---------- DATA PROVIDED

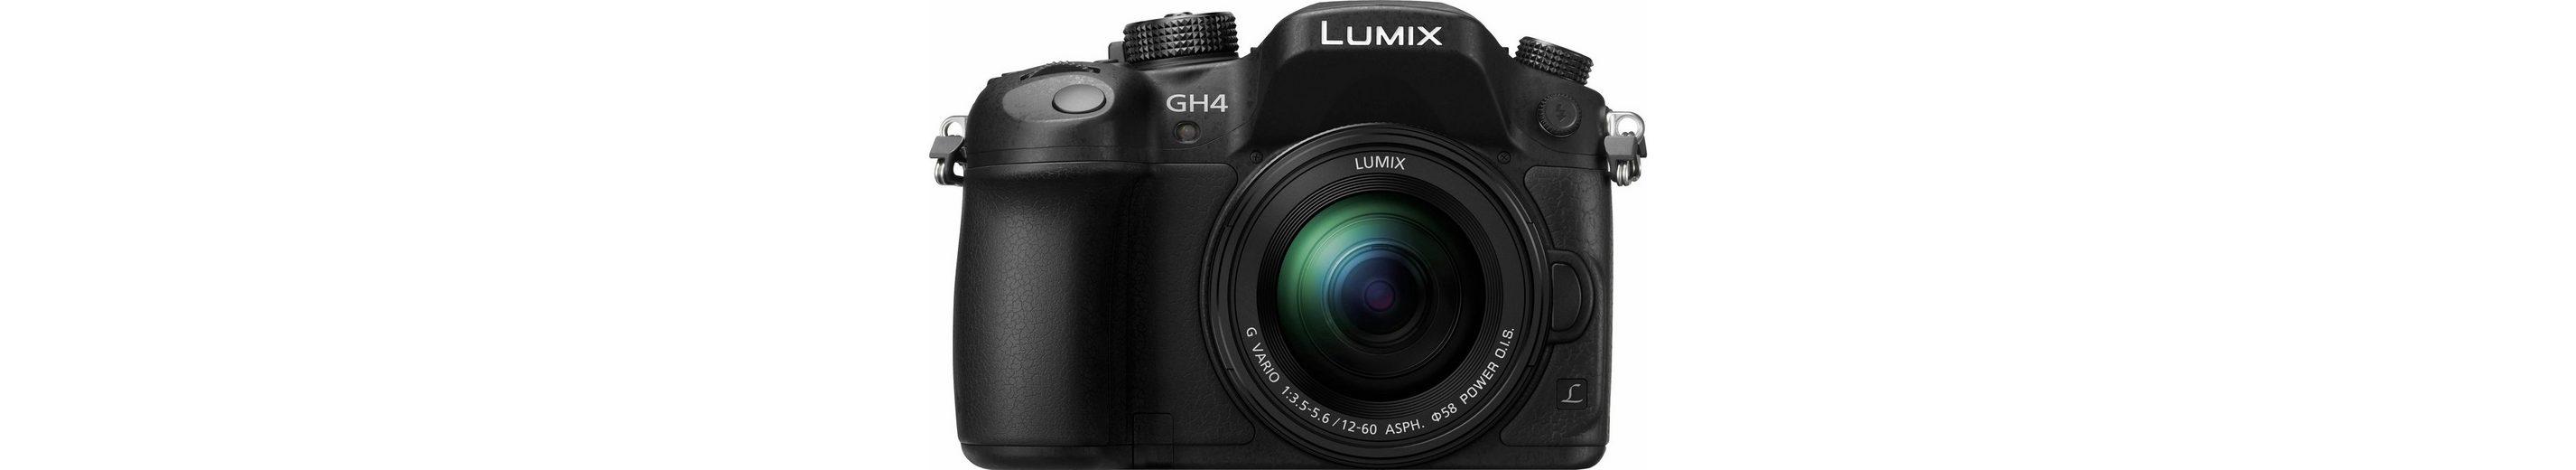 Lumix Panasonic DMC-GH4MEG-K System Kamera, H-FS12060 Zoom, 16 Megapixel, 7,5 cm (3 Zoll) Display
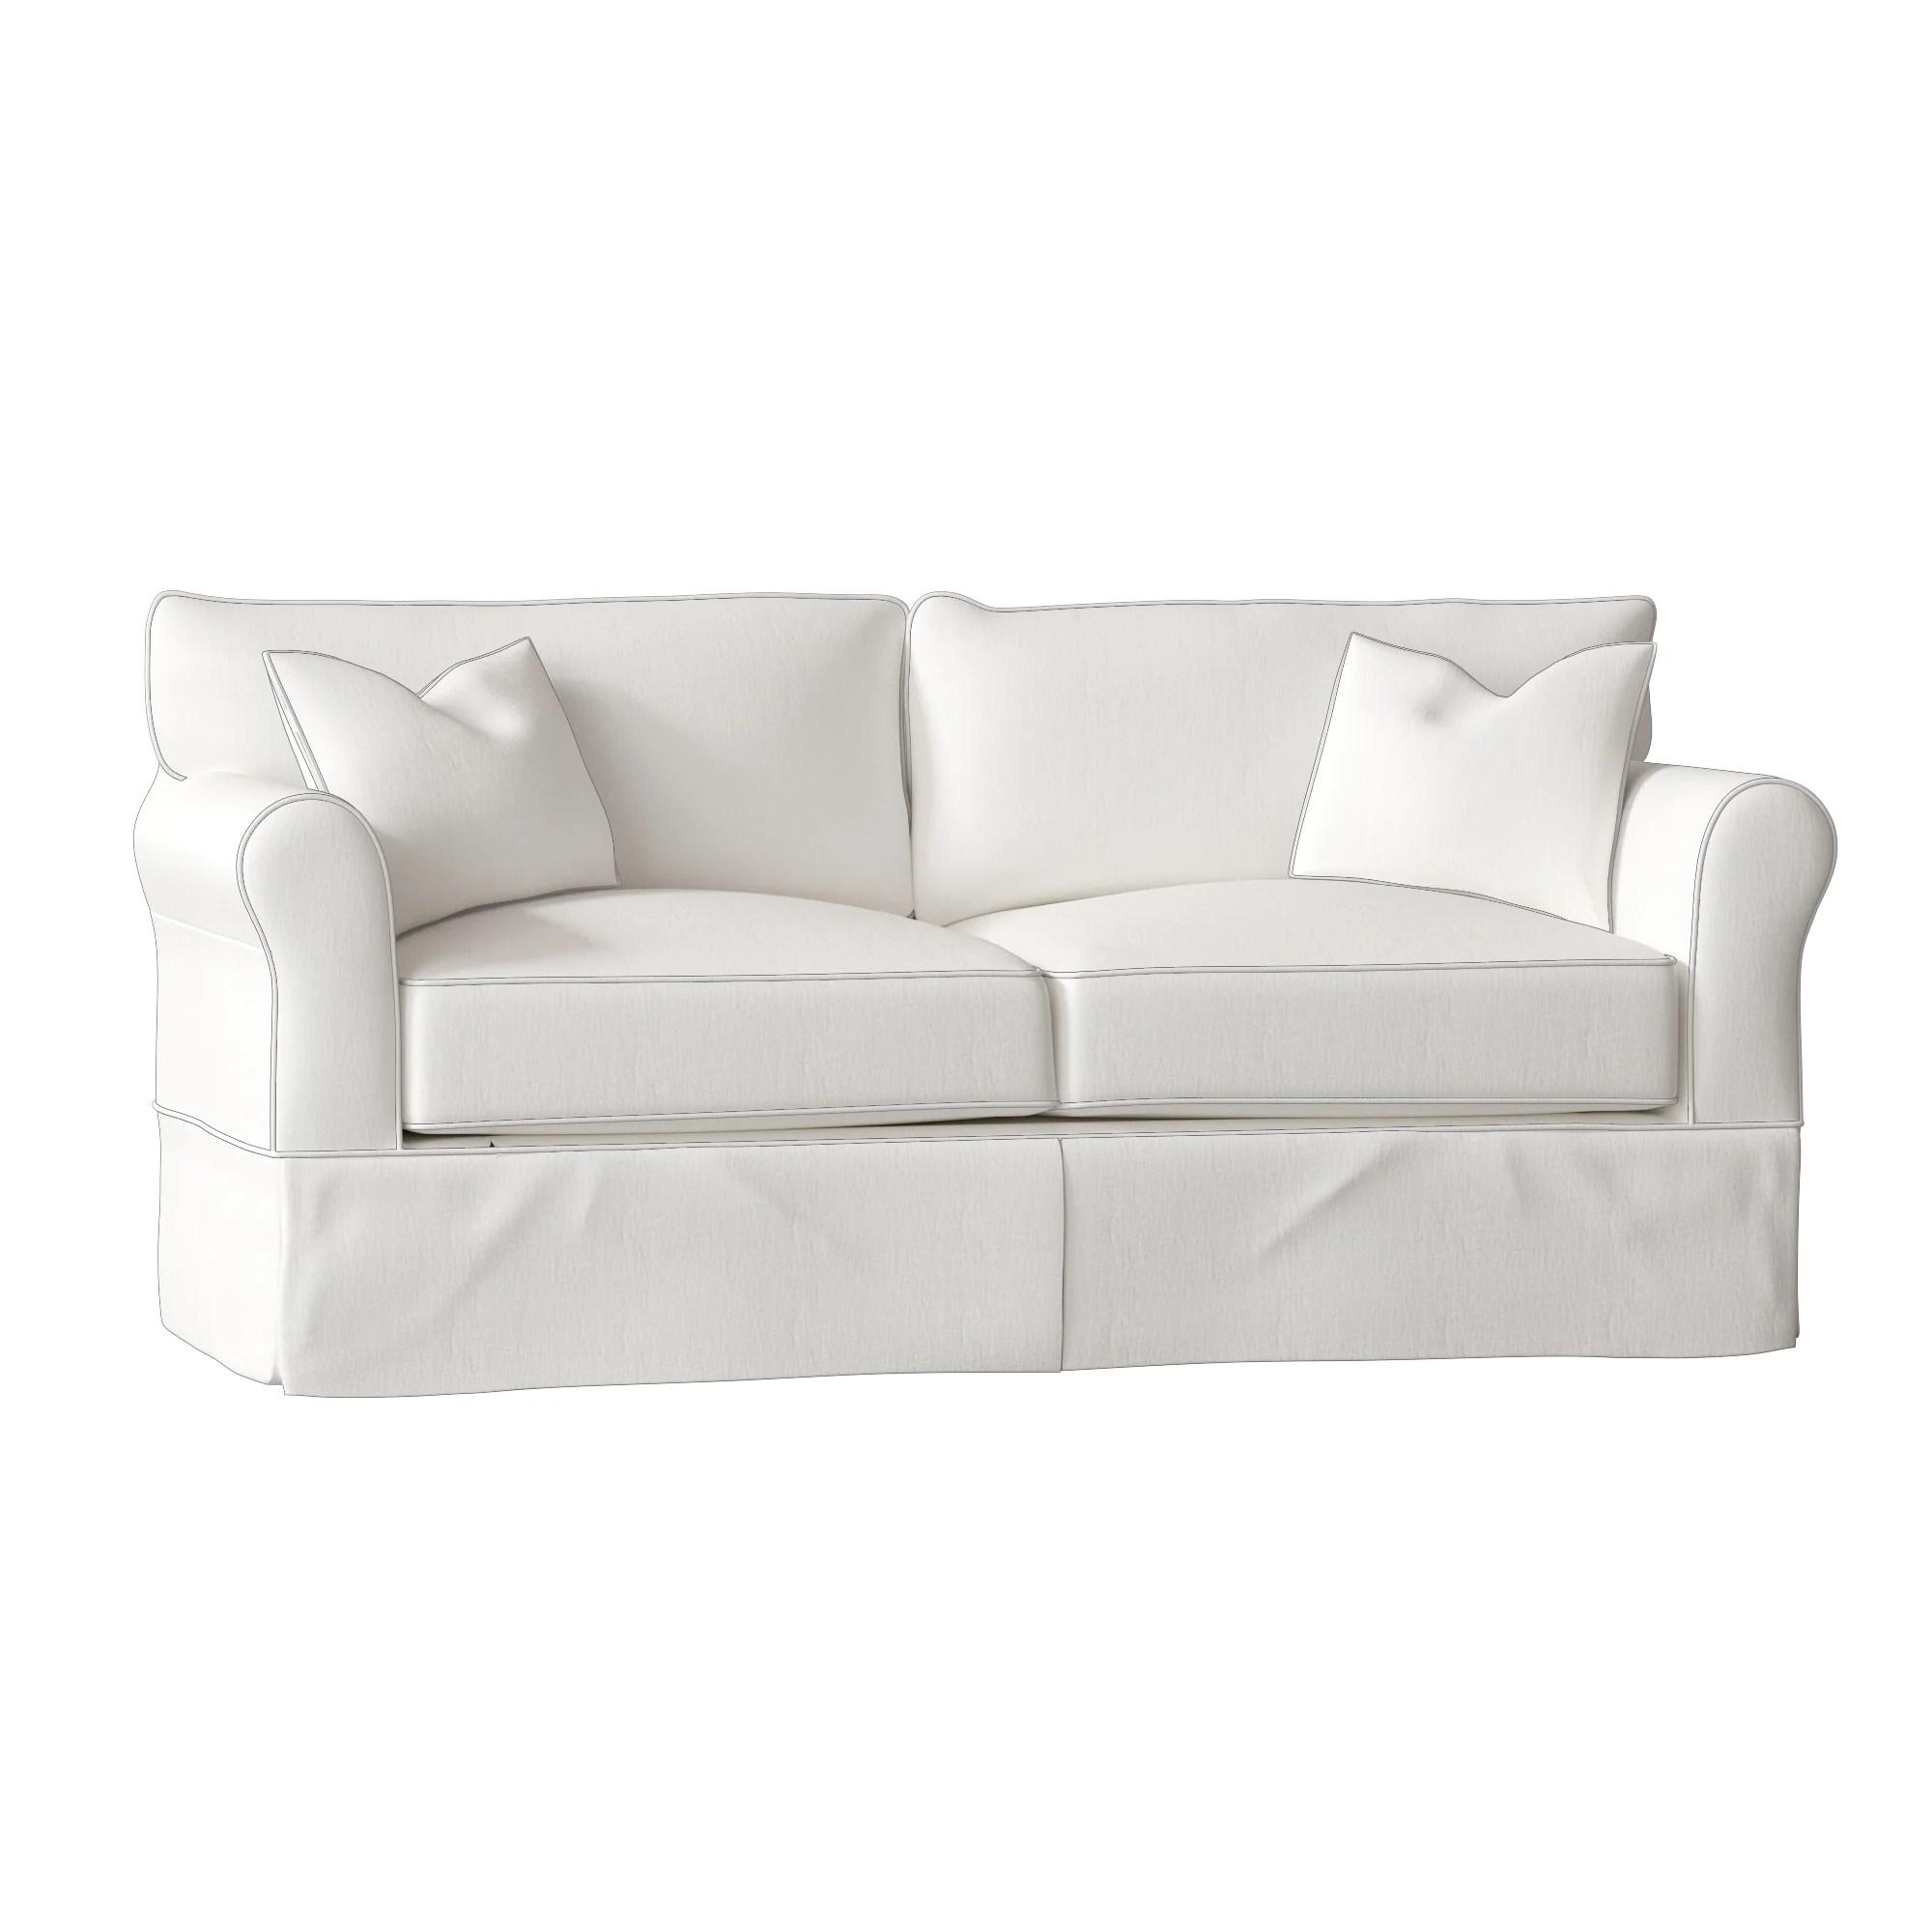 sleeper sofa black friday 2017 cheap cuddle uk wayfair custom upholstery felicity reviews
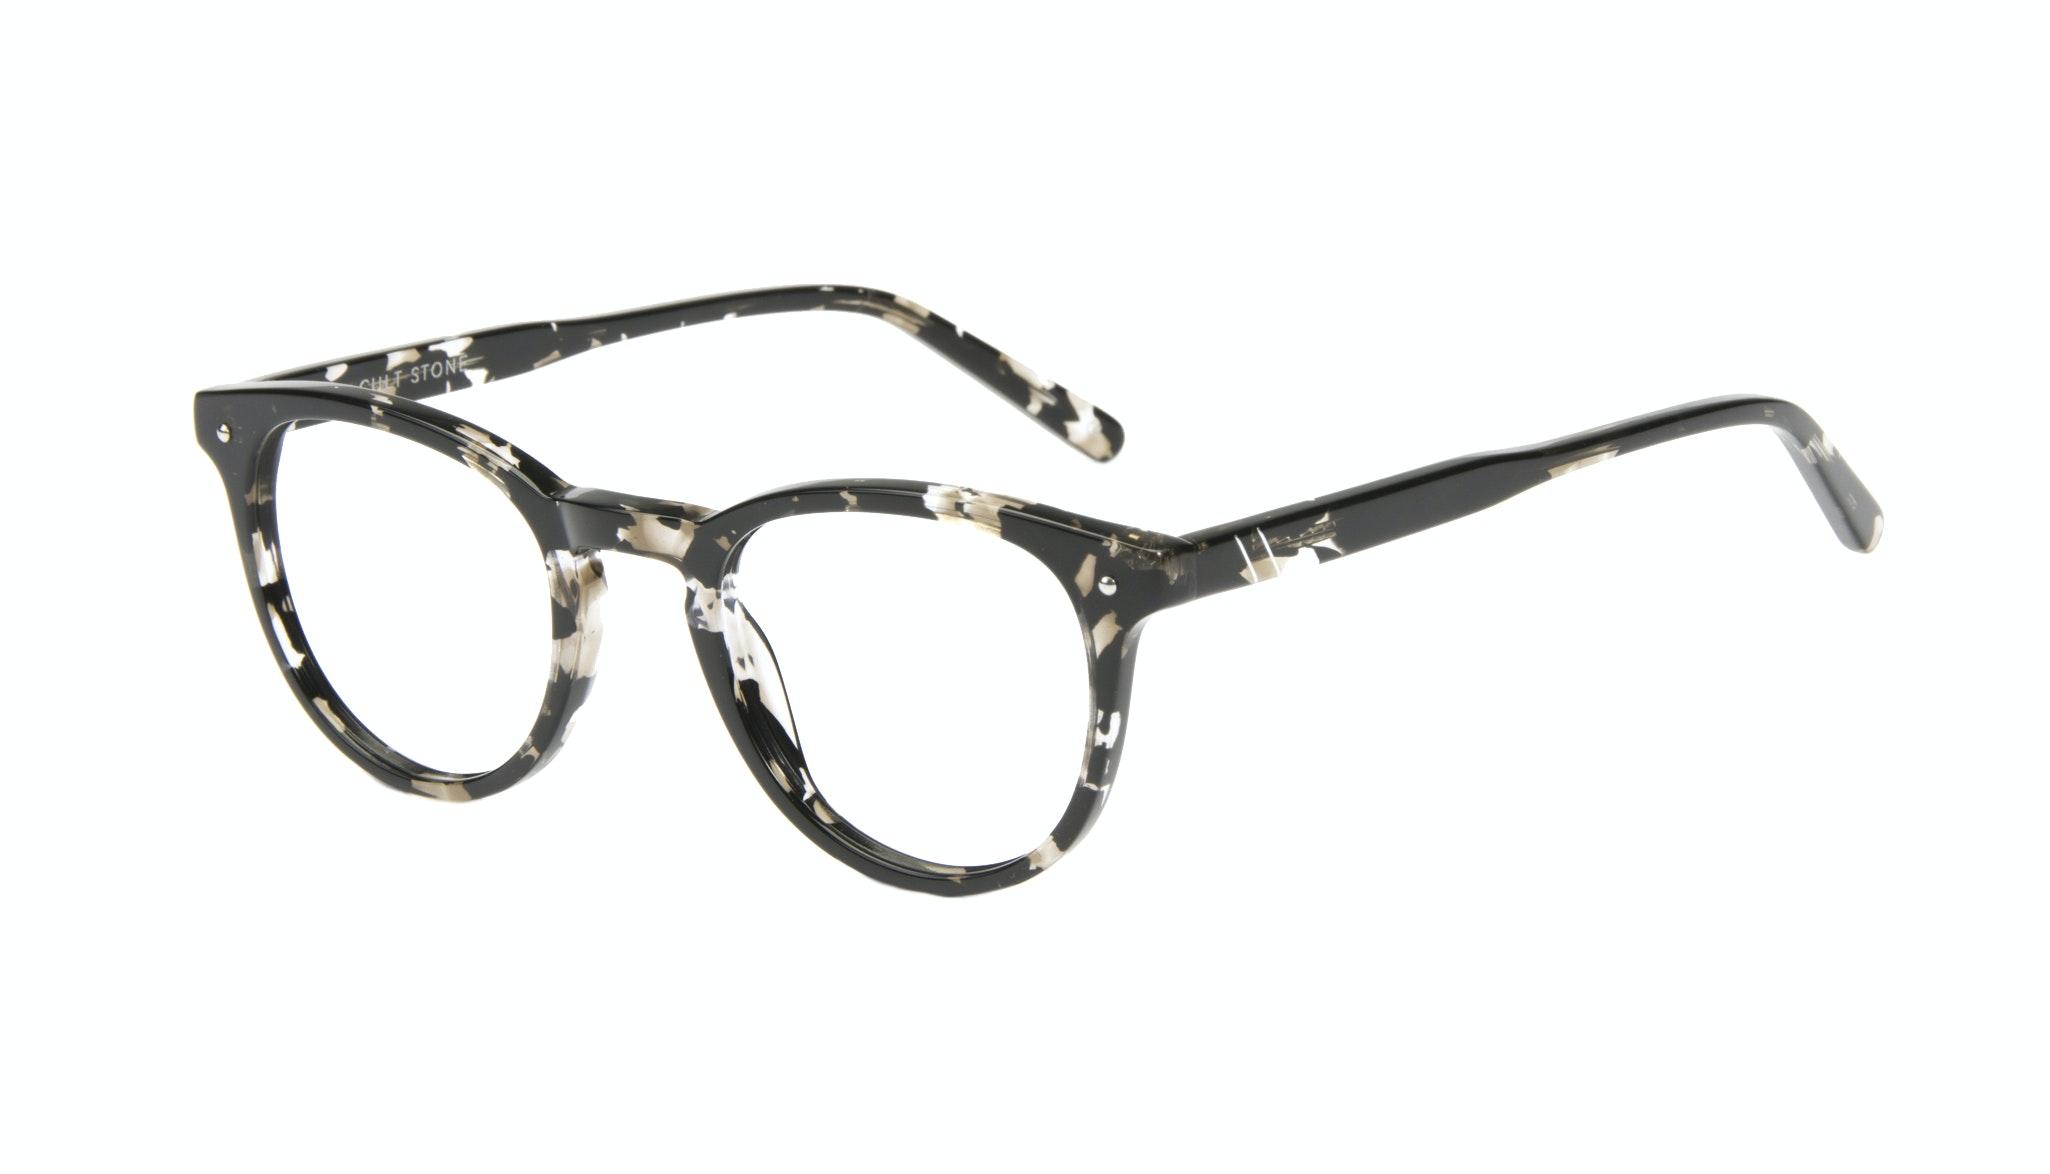 Affordable Fashion Glasses Round Eyeglasses Men Cult Stone Tilt

--------------------

• [ABOUT THIS TASK] No pictures should appear in the copy; write out exactly the lines from the one containing "sleeper sofa black" through the end of the material.

• [ANSWER SECTION]
 sleeper sofa black friday 2017 cheap cuddle uk wayfair custom upholstery felicity reviews
 Affordable Fashion Glasses Round Eyeglasses Men Cult Stone Tilt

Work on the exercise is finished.